I'd like to add just a little to the general topic of "what I should expect". much of the TBH literature isn't written to the case when you are installing a package into a brand new hive", so here's what I've discovered in my first two weeks:
1. They festooned and obscured any potential comb, so I had to wait about a week before I could see if they were building straight comb, when I could get to them, I saw they weren't NOTICE: all these ideas came from the forum
2.: The comb is slightly more rigid than Jello; not only that, bees are adding their weight to it. very gently
3. There are techniques for replacing the bars without stepping on someone's toes.
4. We cut back some bent comb (back to the bend) but it sprang back into a curve; we should have forced the comb back in place and either held it in place with a pin (perhaps an upolstery pin (the one about 1 1/2" long with a "T" on top) or by simply smooshing the comb into the foundation.
5. you can't work the comb inside the hive; build yourself a quicky 2 bar stand upon which you can set the bars; then you can leisurly look at the frame, and if needed, gently move them off the comb. The books say they don't like to be brushed, even with a bee brush. So what do you use?

Hope this helps - Mike
Oh, did I say "you can't rush" each bar must have taken me 7 minutes; but I was scared.


----------



## mhorowit (Sep 25, 2011)

Oh, and read that thread on "using hairclips" the various comb support will save you from going frantic when something drops (thud) - Mike


----------



## mrobinson (Jan 20, 2012)

I opened my TBH hive too-early, after only three days, to retrieve the queen cage (direct release on bottom of hive), and that turned out to be a mistake because I inadvertently picked up a bar at the wrong end of one enclosure and a bit of brand-new comb dropped. (I left it.) It turns out that the cage was empty (as I actually knew it would be because I'd observed the queen starting to head for the exit), and was being ignored by the bees. The colony was entirely lumped at one end of the enclosure.

In a couple _weeks,_ I'll check again to see if any comb-straightening needs to be done. I can see that I should have left them entirely alone at this point.

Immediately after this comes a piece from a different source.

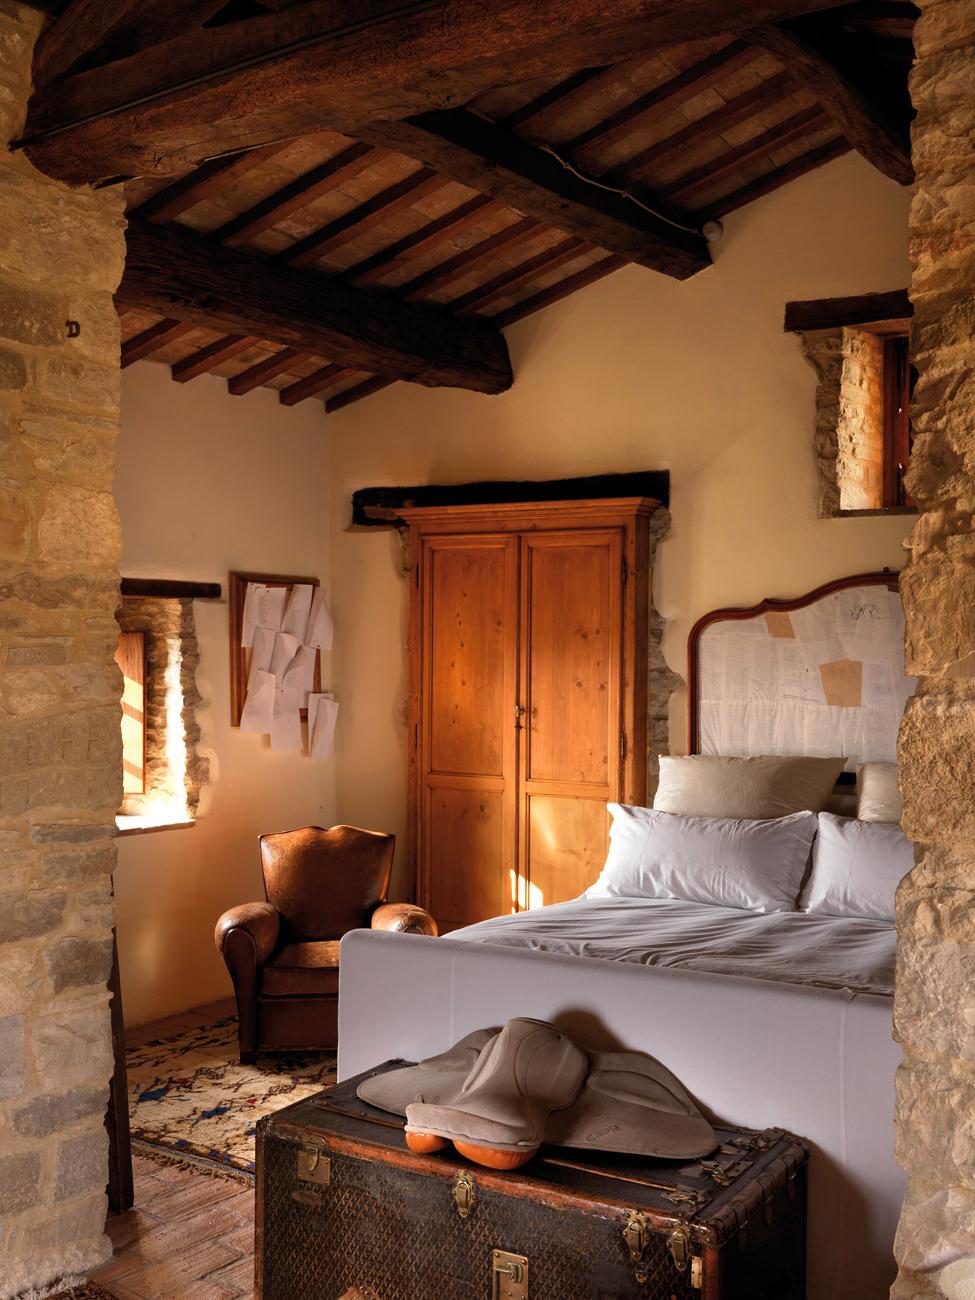 Estilo rustico dormitorios rusticos - Dormitorios rusticos ...
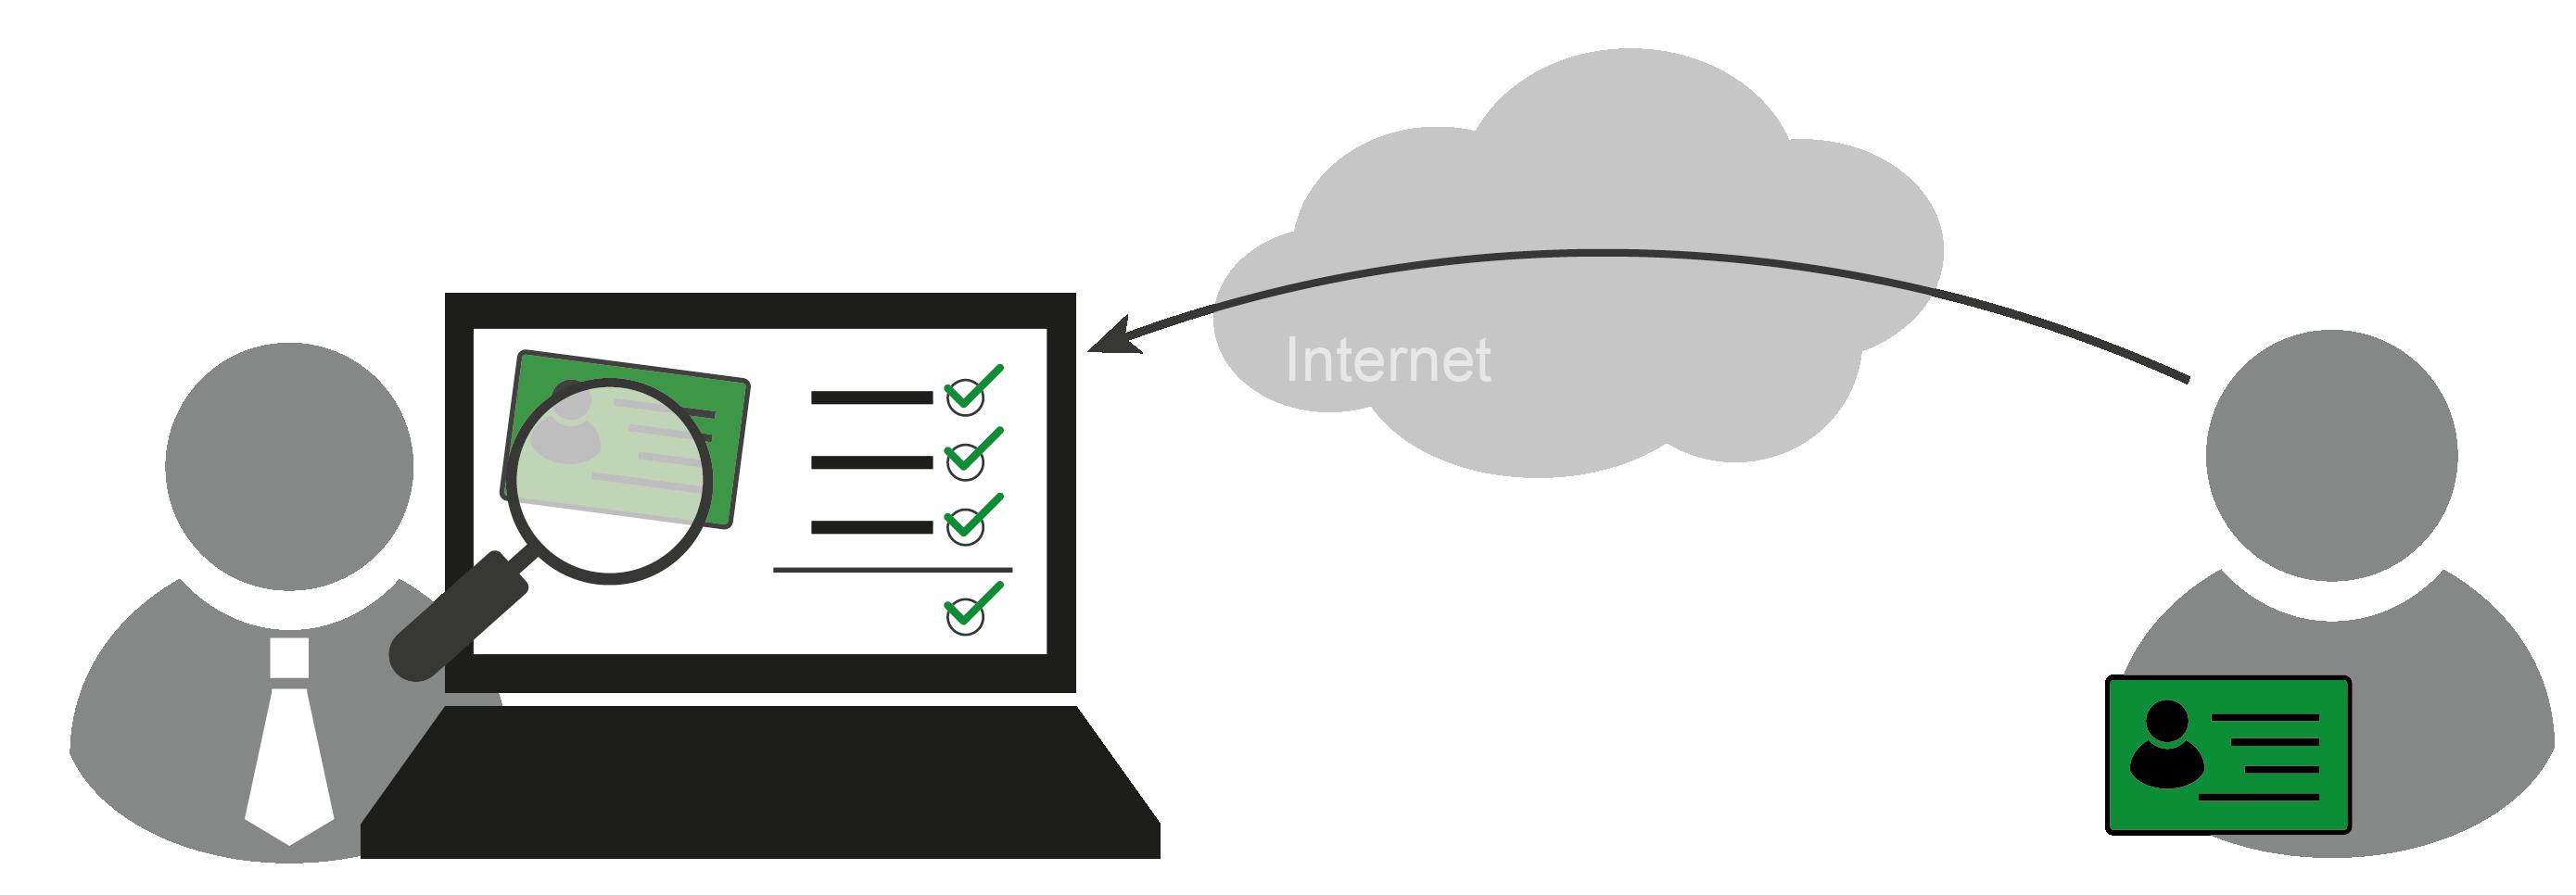 Fernidentifizierung - Glossar Cyber-Sicherheit - Prof. Norbert Pohlmann

I use a bee brush and find it to be an invaluable tool: with a lazy, gentle sweep of your hand, you can gently move a bee out of the way without disturbing her. When lowering bars into place (first one side, then the other) you can brush the curious out of the way, pushing the bristles into the opening to make them move aside. Anything that you at first instinct would do with your _hand,_ you instead do slowly and gently with the _brush._


----------



## Hazenbees (Apr 19, 2012)

Thanks for the reply's, I appreciate the help! I don't have a bee brush yet and have been gently blowing on the bees to move them off of the comb. It's not the best way to get them off the comb but works well enough. I also used my finger to gently move them but they clung to my glove like glue! I made the mistake of changing the positions of the topbars to seperate the bee clusters hoping to get them to even out the amt of comb throughout the hive. I didn't know this was a mistake until I watched a Dadant video and the keeper there said that changing the order of the bars messes with how the bees set up brood comb for the queen to lay eggs in. I'm going to change them back to the way they were today and pray that I haven't ruined the brood comb. Stupid beginners mistake! Any ideas on this? Should I just leave it alone and hope for the best or change it back to the way it was?


----------



## mrobinson (Jan 20, 2012)

_New-bee_ here, but my guess would be to leave them "bee." Whatever mistake you made they'll fix: they're building the whole hive from scratch anyhow. 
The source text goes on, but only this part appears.